COLLECTED MATERIAL below:

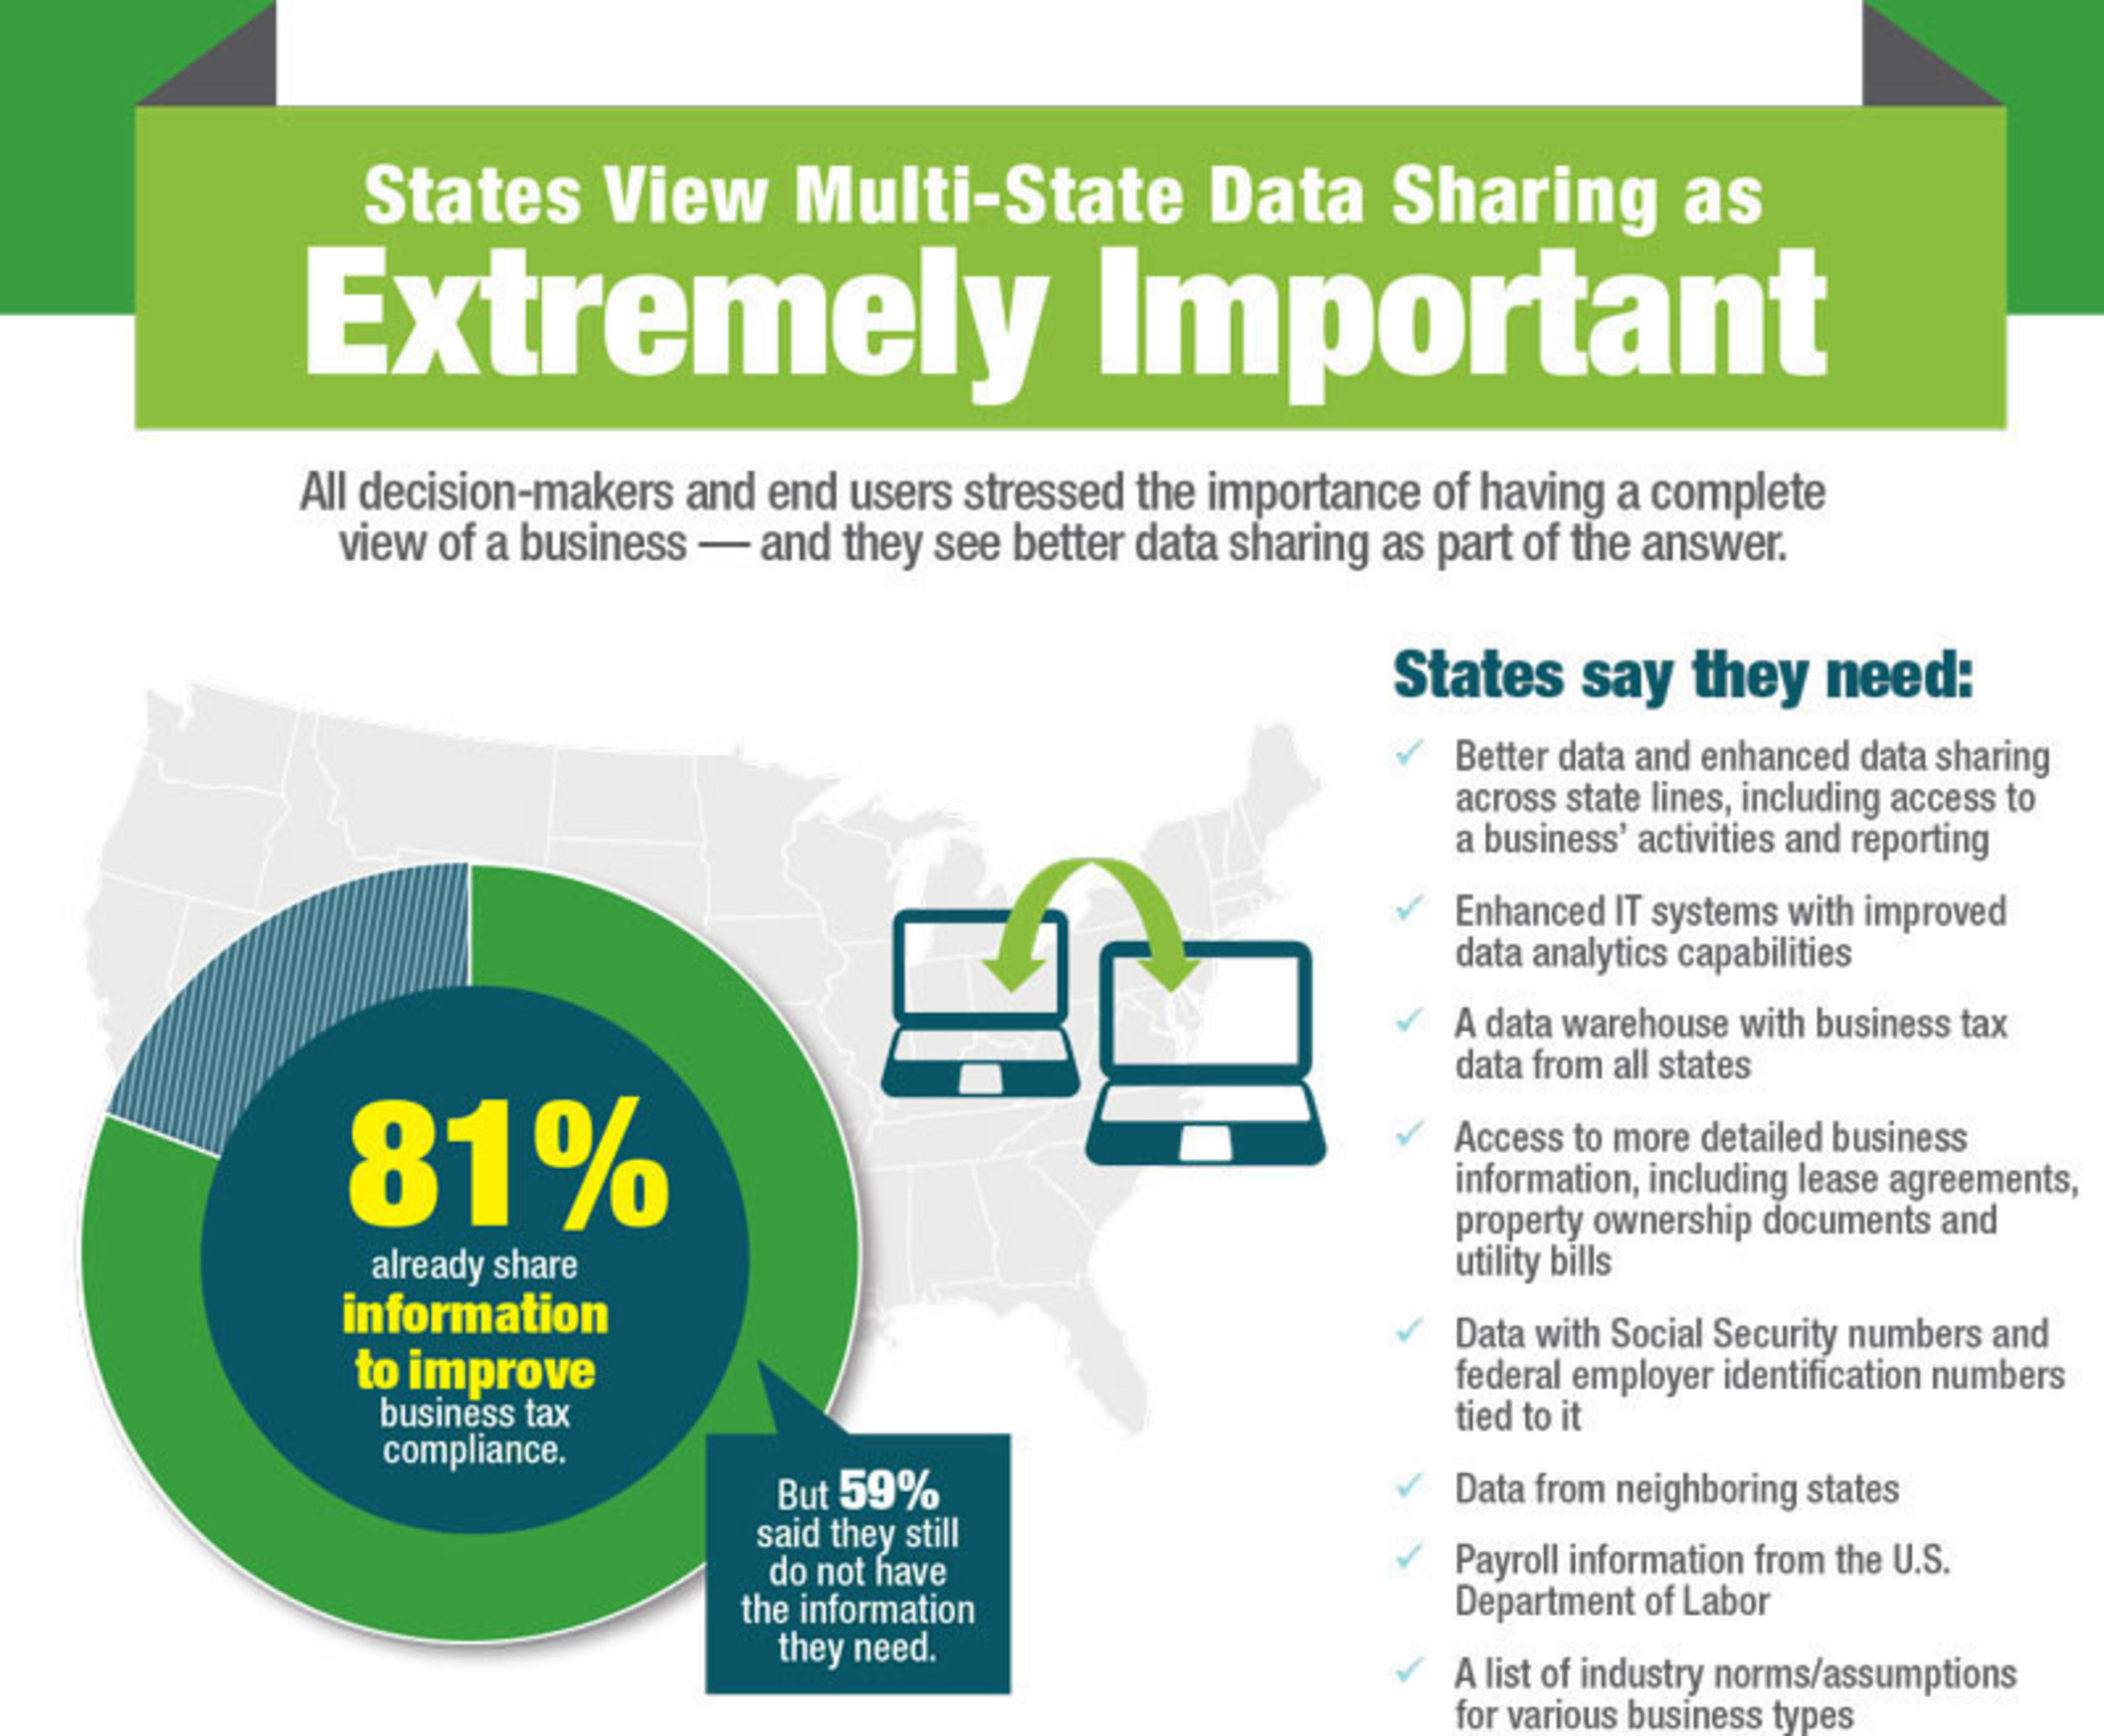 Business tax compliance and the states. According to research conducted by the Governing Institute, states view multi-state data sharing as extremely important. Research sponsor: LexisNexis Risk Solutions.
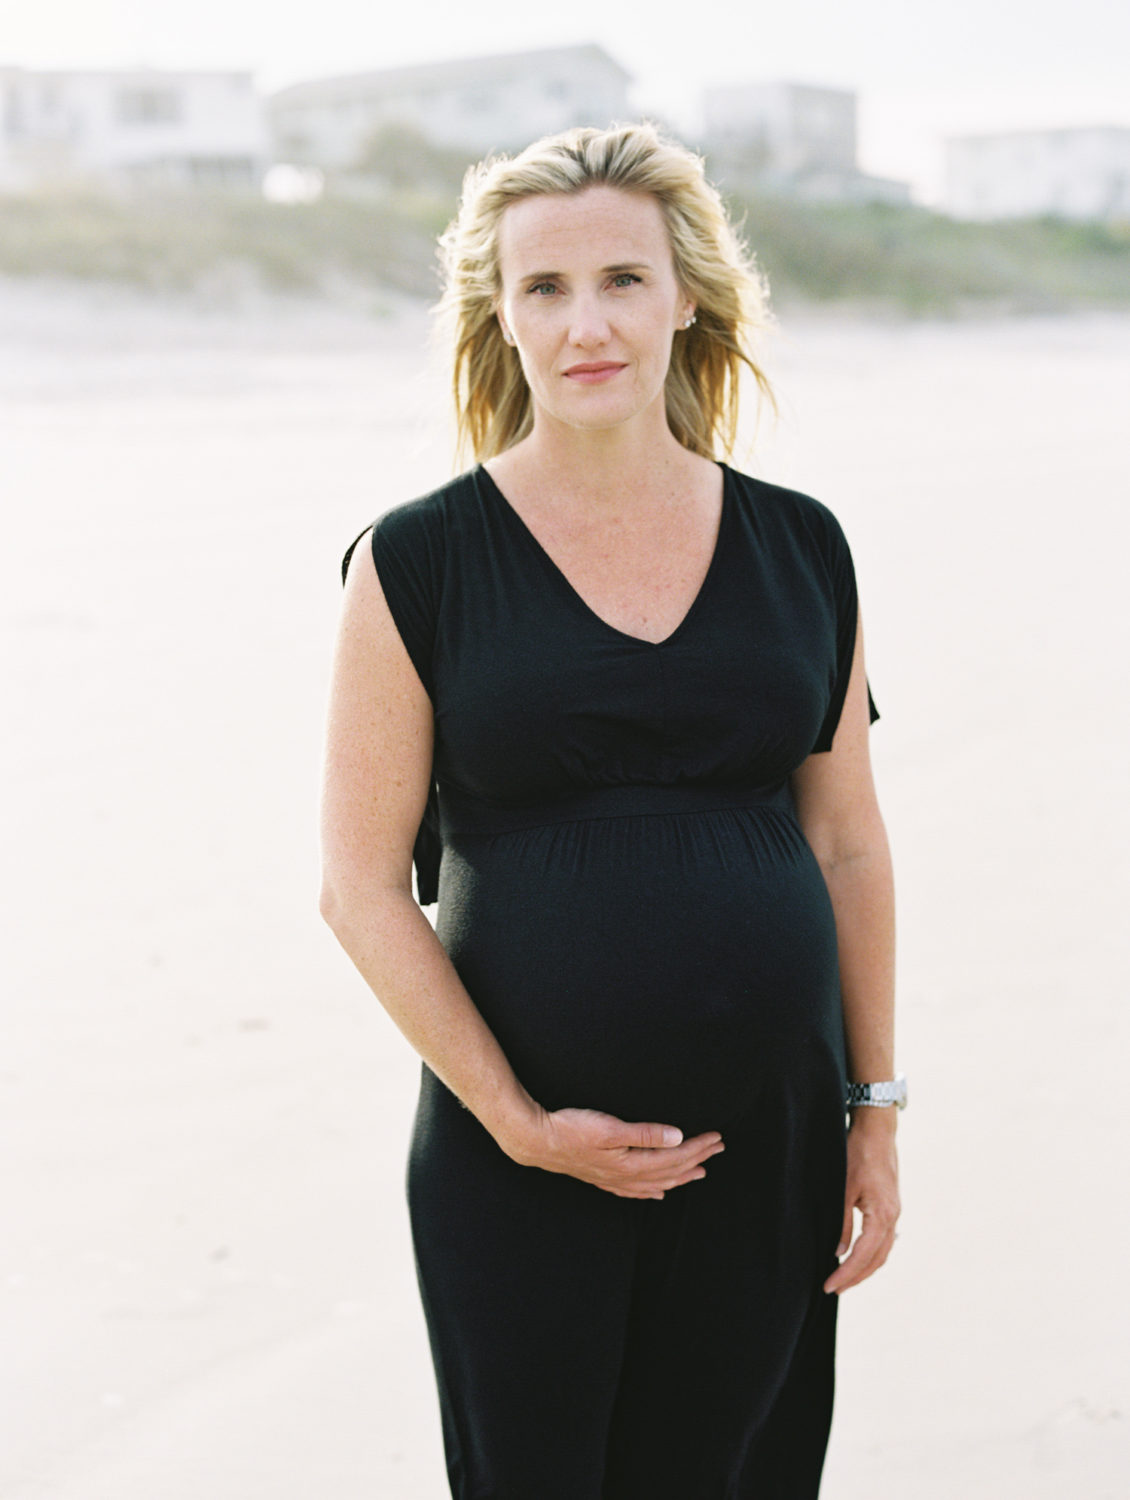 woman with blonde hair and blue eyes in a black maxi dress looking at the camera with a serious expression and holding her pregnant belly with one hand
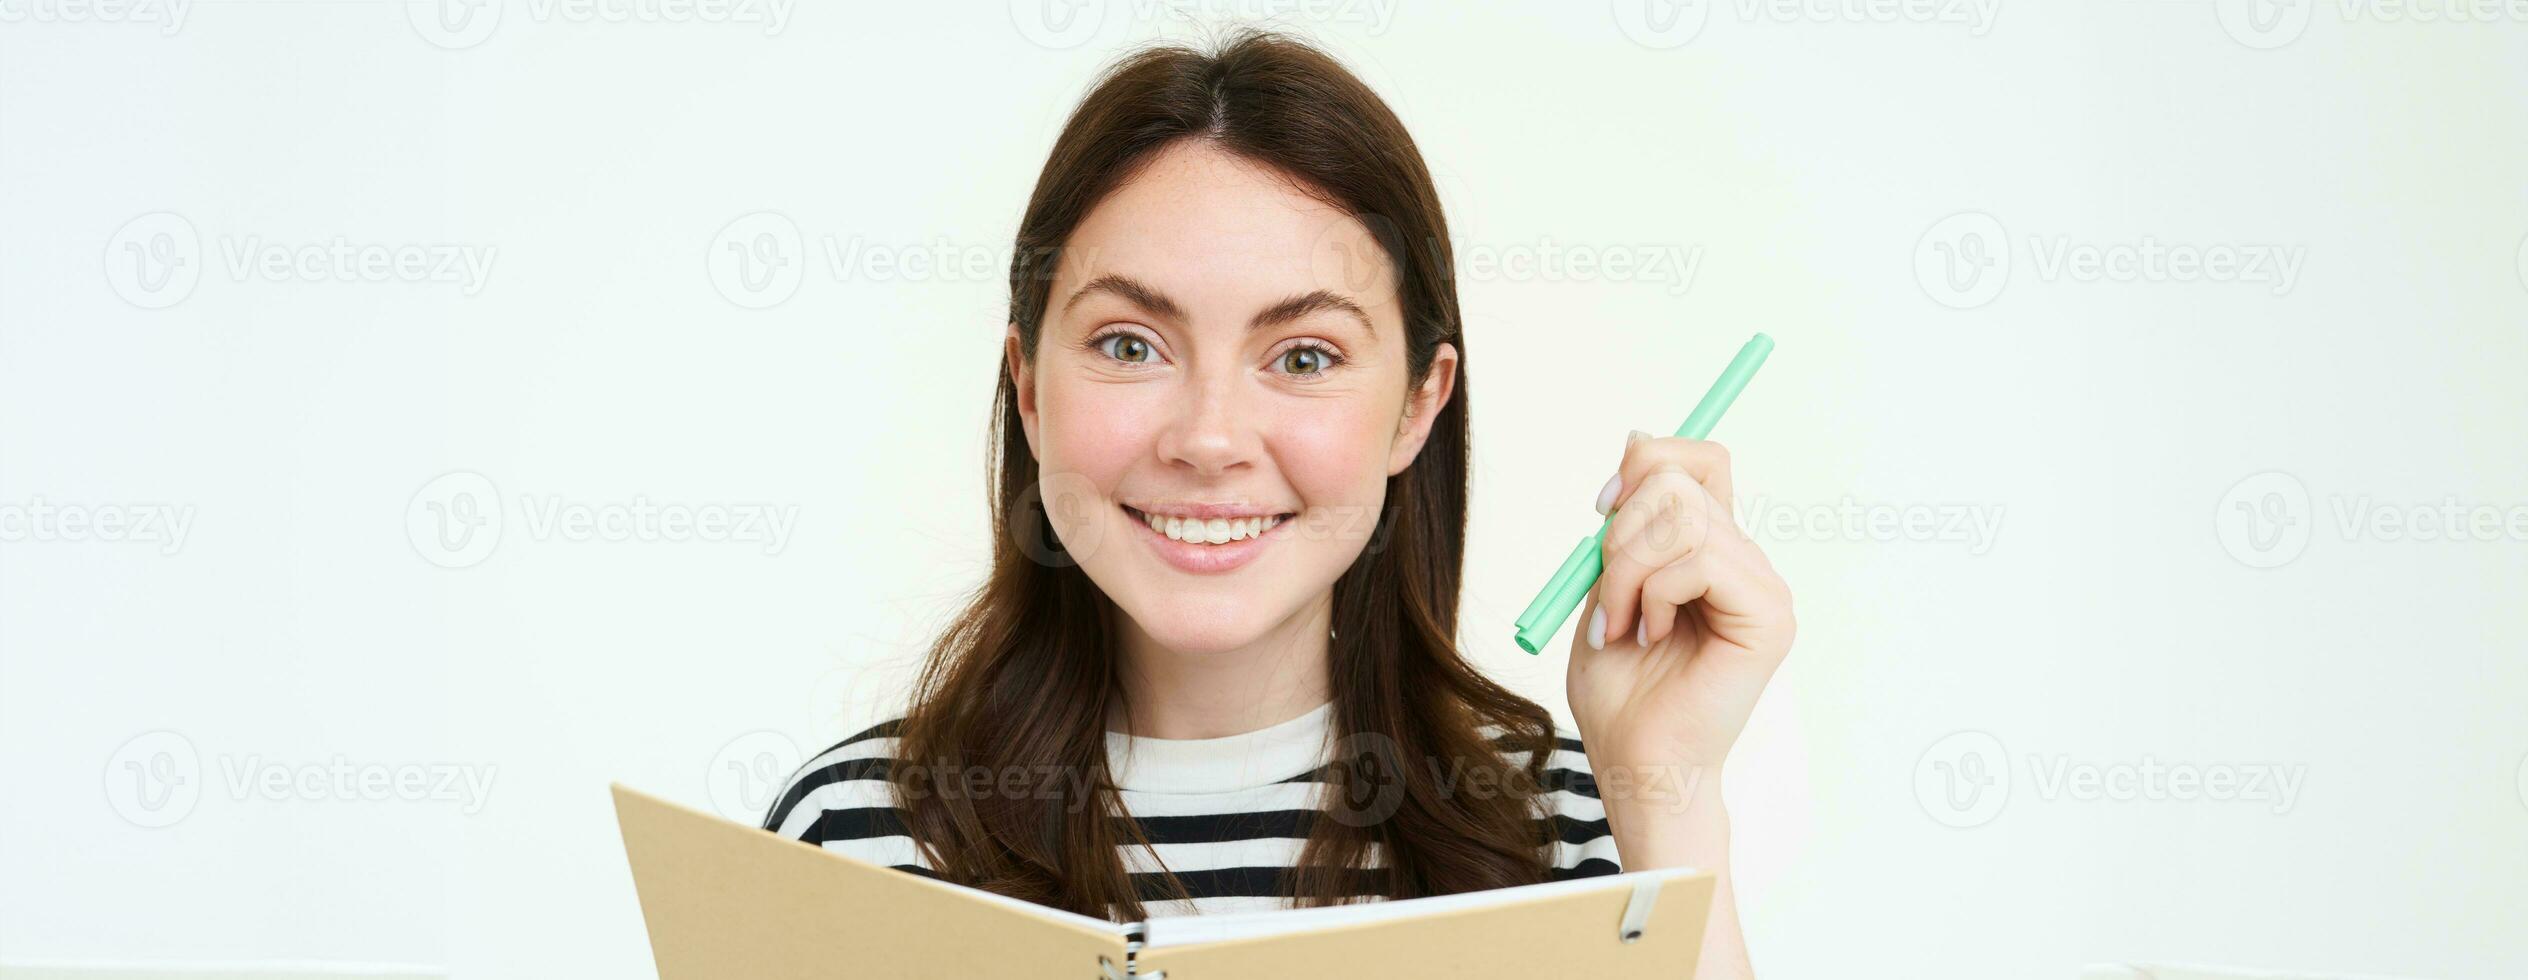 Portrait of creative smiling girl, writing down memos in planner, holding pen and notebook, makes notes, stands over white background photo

End of COLLECTED MATERIAL.

» AIM OF THE EXERCISE
Every line of the data should be copied as it stands, without the images.

» RESPONSE TO THIS TASK
 Business tax compliance and the states. According to research conducted by the Governing Institute, states view multi-state data sharing as extremely important. Research sponsor: LexisNexis Risk Solutions.
 woman with blonde hair and blue eyes in a black maxi dress looking at the camera with a serious expression and holding her pregnant belly with one hand
 Portrait of creative smiling girl, writing down memos in planner, holding pen and notebook, makes notes, stands over white background photo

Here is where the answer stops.